In this ruling, the Taxpayer and Related Party are related persons within the meaning of §1031 (f)(3). Related Party wished to acquire Relinquished Property from Taxpayer but did not own like-kind assets that Taxpayer wished to acquire. Taxpayer entered into an agreement with an unrelated third party that required the closing of the acquisition of Replacement Property to occur before Taxpayer transferred Relinquished Property to Related Party. Accordingly, Taxpayer structured the transaction as a "reverse" like-kind exchange under the provisions of Rev. Proc. 2000-37.
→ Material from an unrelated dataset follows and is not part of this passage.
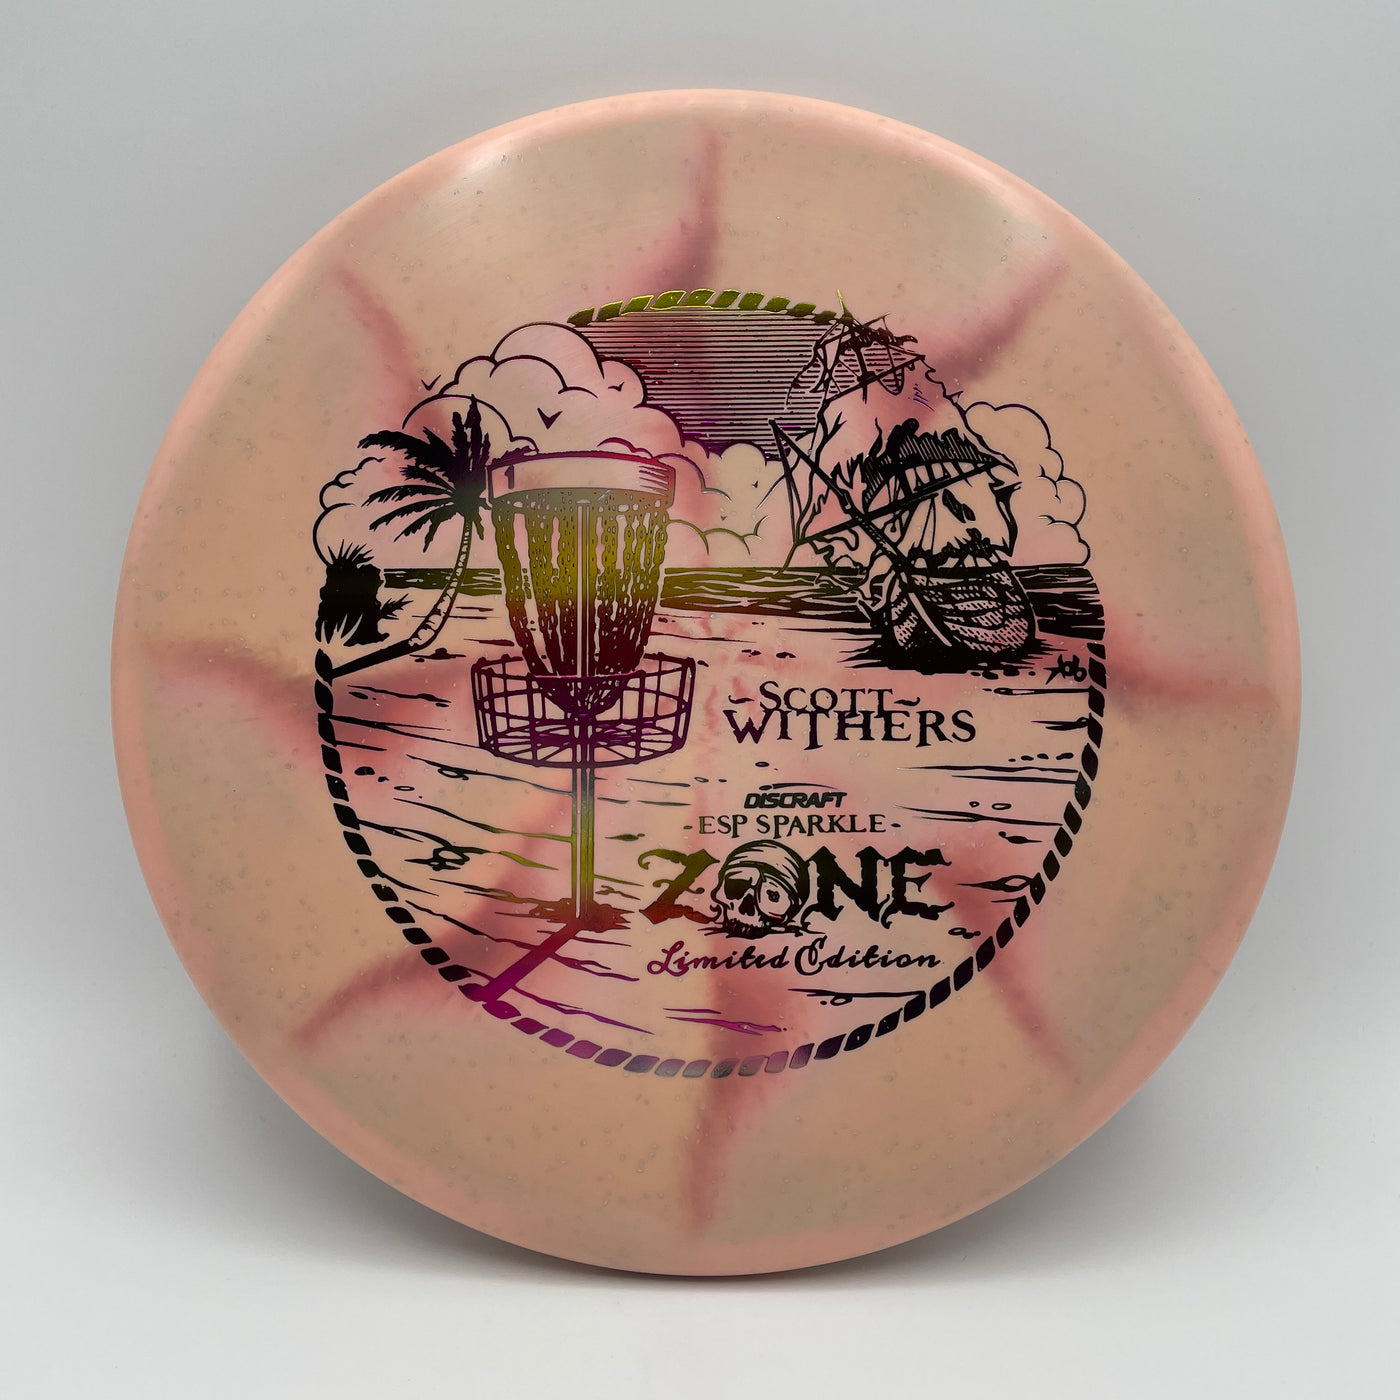 Scott Withers ESP Sparkle Zone - Summer Sunset Stamp

Taxpayer entered into a qualified exchange accommodation arrangement with an EAT. The EAT was a single-owner limited liability company, wholly owned by EAT Parent, a corporation unrelated to the Taxpayer. On the same day, Taxpayer loaned the EAT the purchase price of Replacement Property, and the EAT Parent granted Taxpayer a security interest in 100-percent of the membership interest in the EAT as collateral for Taxpayer's loan to the EAT. The EAT then purchased the Replacement Property. The purchase price of the Replacement Property exceeded the value of Relinquished Property, so the Taxpayer was trading up in value.

Subsequently, the Taxpayer entered into an agreement with the Related Party to transfer the Relinquished Property to the Related Party's wholly owned subsidiary. The Related Party intended to dispose Relinquished Property within two years of its receipt.
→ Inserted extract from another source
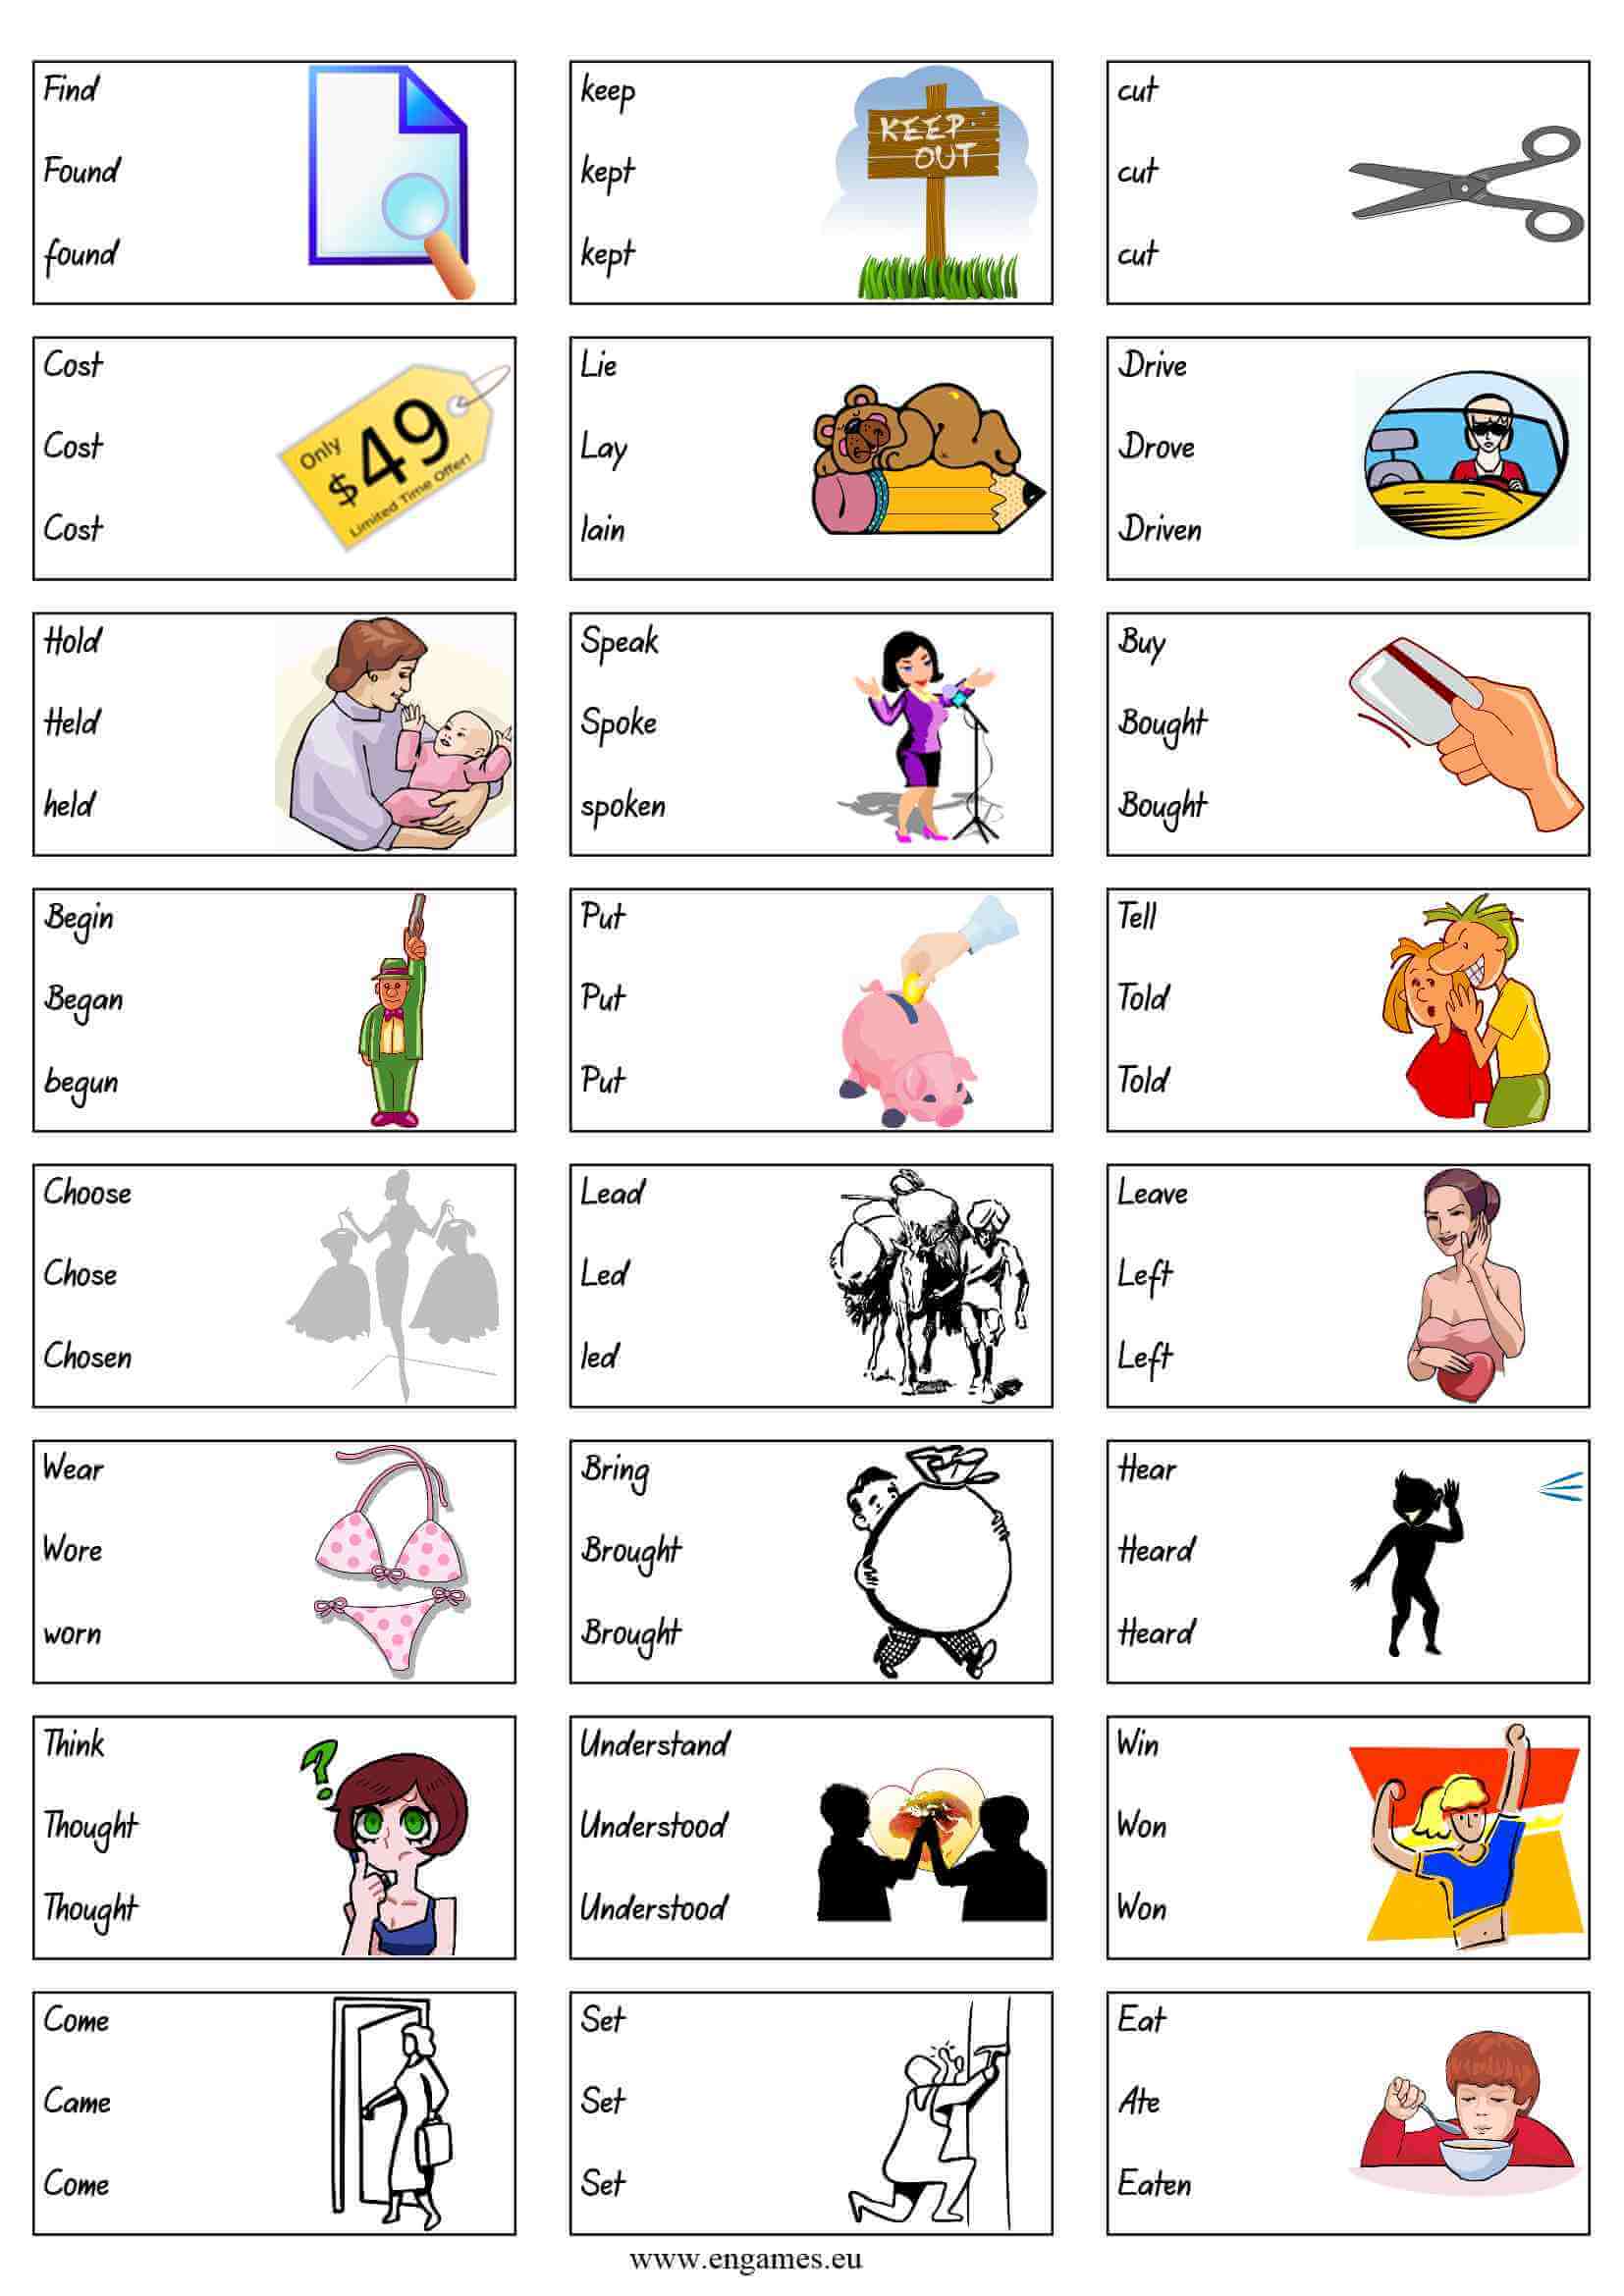 irregular-verbs-worksheets-free-download-99worksheets

The exchange was structured as follows: Taxpayer and QI, an affiliate of the EAT, entered into an exchange agreement and the Taxpayer assigned the rights to receive the sale proceeds from the Relinquished Property to QI. Taxpayer transferred the Relinquished Property to Related Party, who paid the purchase price to QI. To complete the exchange, QI purchased 100-percent of the membership interest in the EAT, subject to the EAT's obligation under the loan. At QI's direction, Parent EAT transferred EAT's membership interest to Taxpayer and also transferred the purchase price of the Relinquished Property to Taxpayer to pay down the loan. The Replacement Property value exceeded the Relinquished Property value and the outstanding balance of the loan attributable to this excess value was cancelled because Taxpayer in effect became both the debtor and the creditor with respect to such balance.

This ruling presents the same issues as the recent PLR 200709036, but in a reverse exchange context. The ruling analyzes whether §1031 (f)(1) or (4) applies where (1) Taxpayer purchases like-kind Replacement Property from an unrelated third party via the EAT, (2) Taxpayer sells Relinquished Property to Related Party for cash consideration received by a QI, and (3) Related Party disposes of Relinquished Property within two years of the acquisition. First, the ruling concludes that §1031 (f)(1) does not apply because the Taxpayer and Related Party did not engage in a like-kind exchange. Instead, the Taxpayer exchanged with the QI, who is not related to Taxpayer. Second, the ruling concludes that §1031(f)(4) does not apply because the Taxpayer did not transfer Relinquished Property to Related Party as part of a transaction or series of transactions, structured to avoid the purposes of §1031(f)(1) because: (1) The related parties did not exchange high basis property for low basis property in anticipation of the sale of the low basis property; (2) Only Taxpayer held property before the reverse like-kind exchange and continued to hold like-kind property after the exchange, while Related Party did not hold property before the exchange; and (3) Related Party's disposal of Relinquished Property within two years of acquisition does not result in a "cashing out" of an investment or shifting of basis between Taxpayer and Related Party.

Comment: The ruling does not state why the Related Party wanted the Relinquished Property or why it would dispose of the Relinquished Property within two years of acquisition. There is no representation of business purpose. The only explanation is simply that "Related Party wished to acquire Relinquished Property from Taxpayer". Related Party apparently was not a taxable REIT subsidiary, like the Related Party in PLR 200709036. Perhaps the parties wanted to perform dealer activities on the Relinquished Property and they decided to transfer it to the Related Party so the Taxpayer could do an exchange and avoid ordinary income. Or perhaps they wanted extra time to find a buyer for the Relinquished Property and were trying to avoid the 180 day limitations of Rev. Proc. 2000-37.